Posts
My thoughts and ideas
Welcome to the blog
My thoughts and ideas
A common task in any bioinformatic analysis of next generation sequencing data is the the determination of copy number gains and losses. The cnSpec() function, short for “copy number spectrum”, from the GenVisR package is designed to provide a view of copy number calls for a cohort of cases. It is very similar to the cnFreq() function discussed in the previous section but displays per sample copy number changes in the form of a heatmap instead of summarizing calls. In this section we will use cnSpec() to explore the copy number calls from the same data set of her2 positive breast cancer samples used in the previous section.

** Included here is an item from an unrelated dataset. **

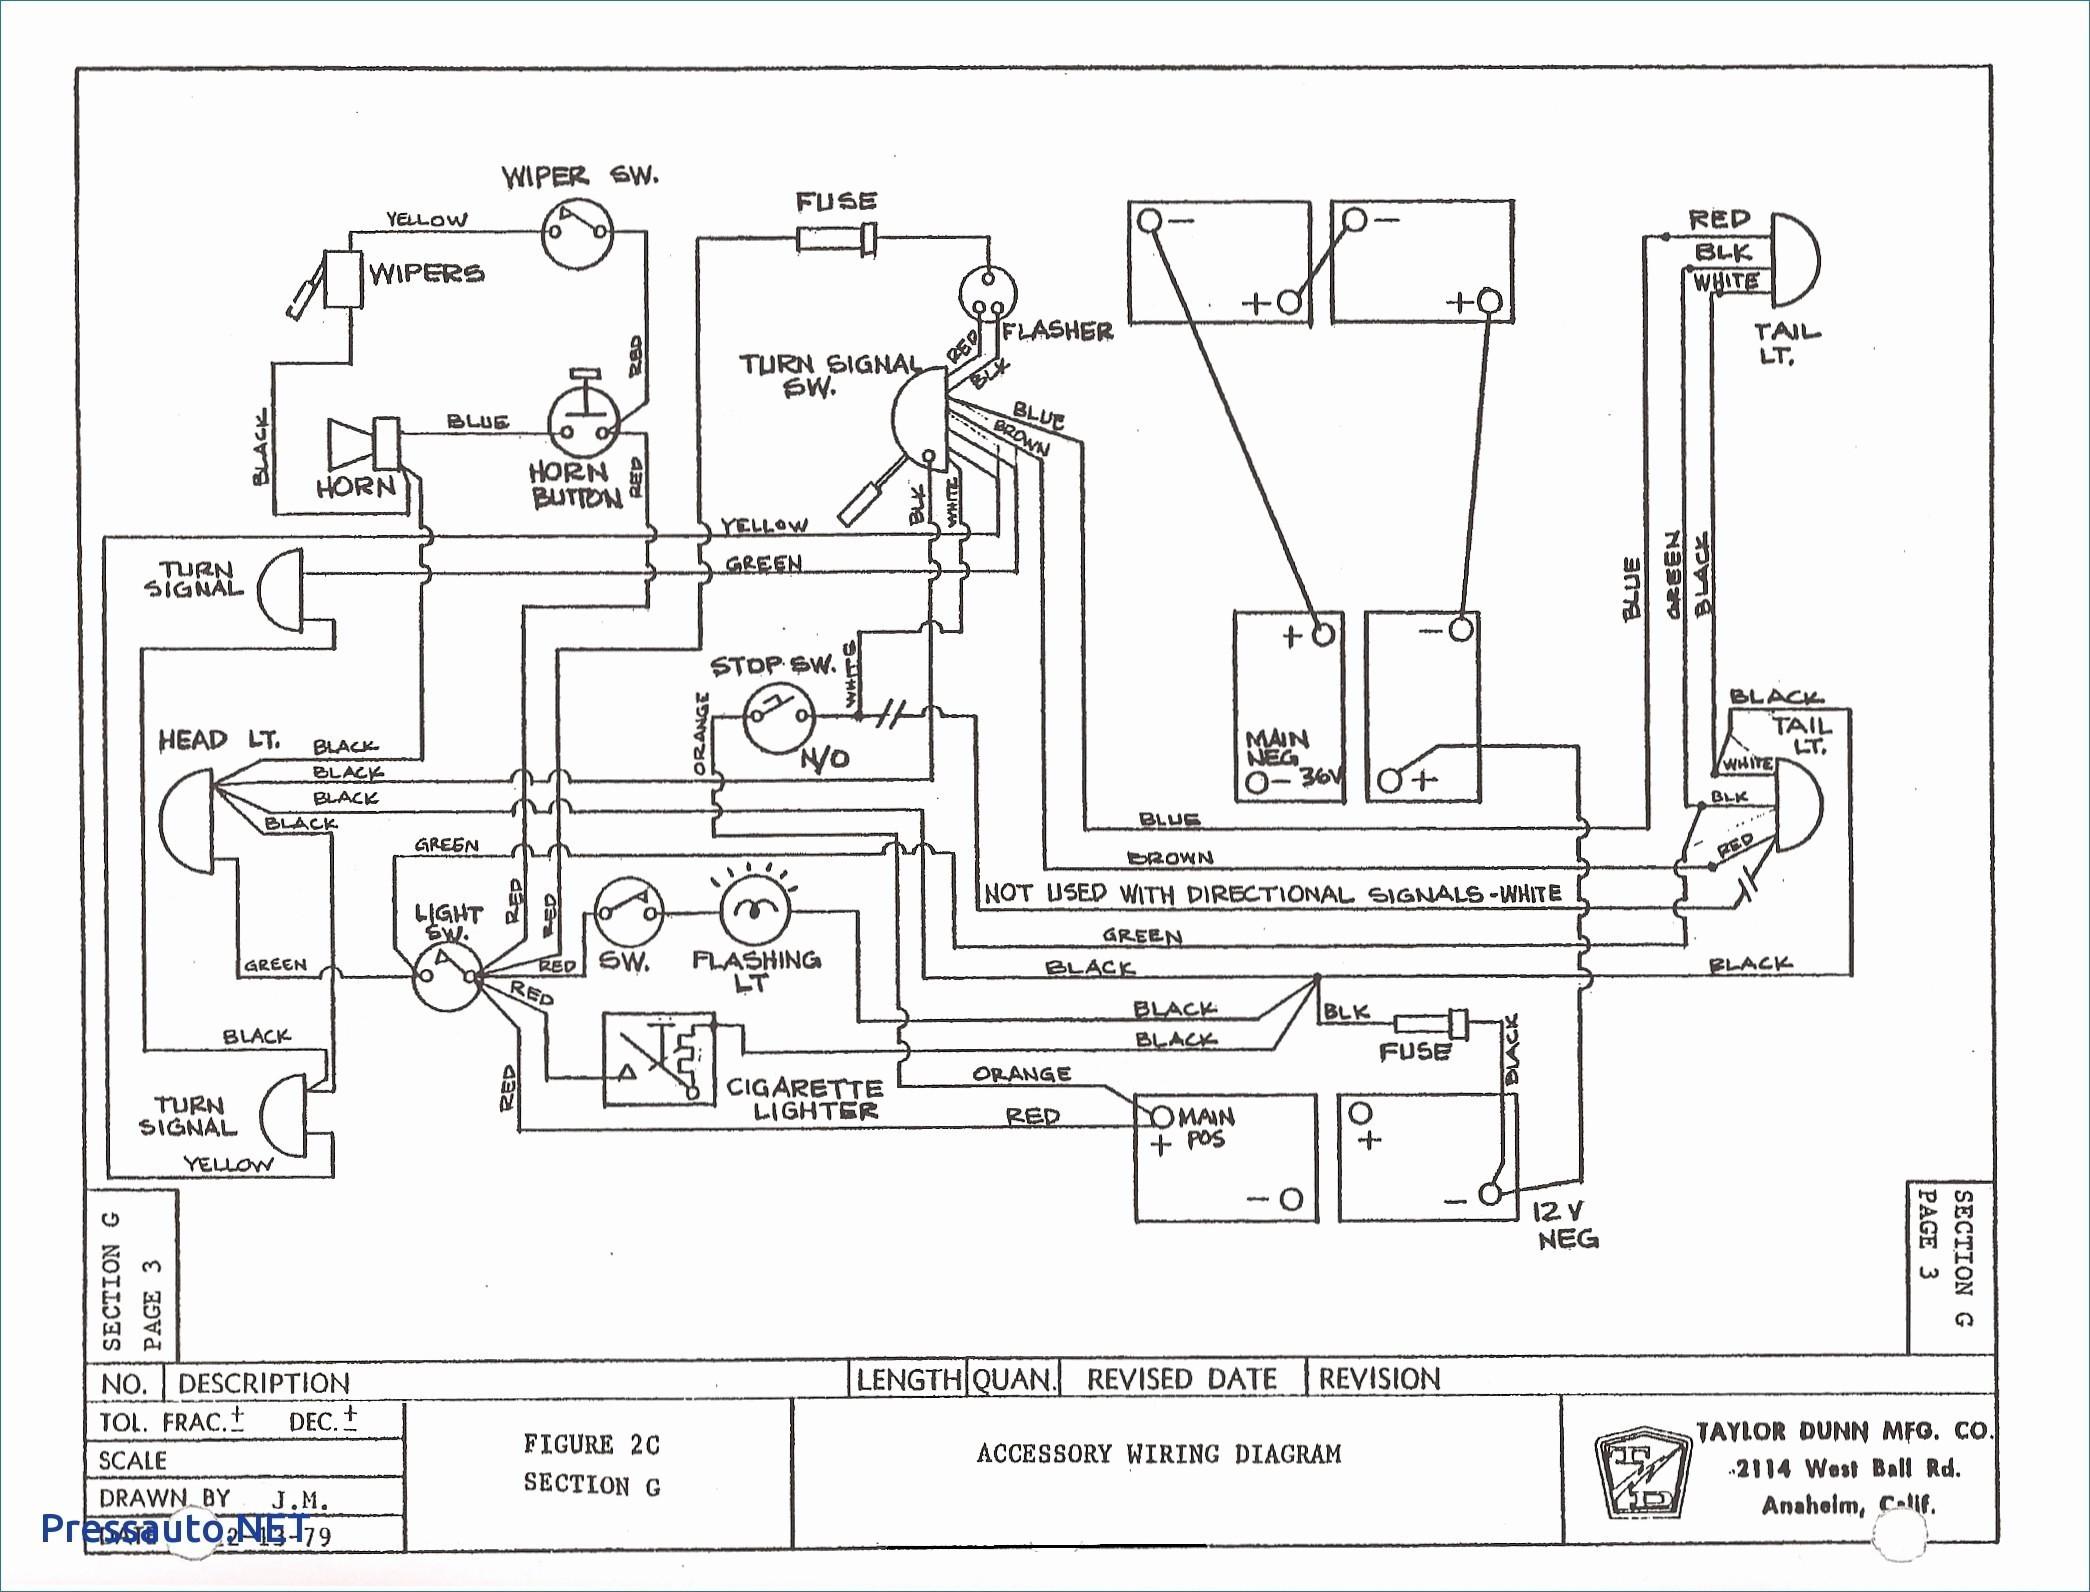 DIAGRAM] Gas Par Car Wiring Diagrams FULL Version HD Quality Wiring Diagrams  - STRUCTUREDSETTLEME.NIBERMA.FRstructuredsettleme.niberma.fr

The data we will be working with was generated with the R package Copycat2. The output of this program consists of a file containing segmented copy number calls. You can find these files on http://genomedata.org/gen-viz-workshop/GenVisR/, go ahead and download all files with a “.cc2.tsv” extension. Once these files are downloaded we will need to read them into R and coerce them into a single data frame with column names “chromosome”, “start”, “end”, “segmean”, and “sample”. As a first step install and load the stringr package we’ll need this to make some of the string manipulation we’ll be doing easier. Once stringr is loaded run through the rest of the R code below the details of which can be found in the previous section.
# load extra libraries
# install.packages("stringr")
library("stringr")
# get locations of all cn files
files <- Sys.glob("~/Desktop/*cc2.tsv")
# create function to read in and format data
a <- function(x){
# read data and set column names
data <- read.delim(x, header=FALSE)
colnames(data) <- c("chromosome", "start", "end", "probes", "segmean")
# get the sample name from the file path
sampleName <- str_extract(x, "H_OM.+cc2")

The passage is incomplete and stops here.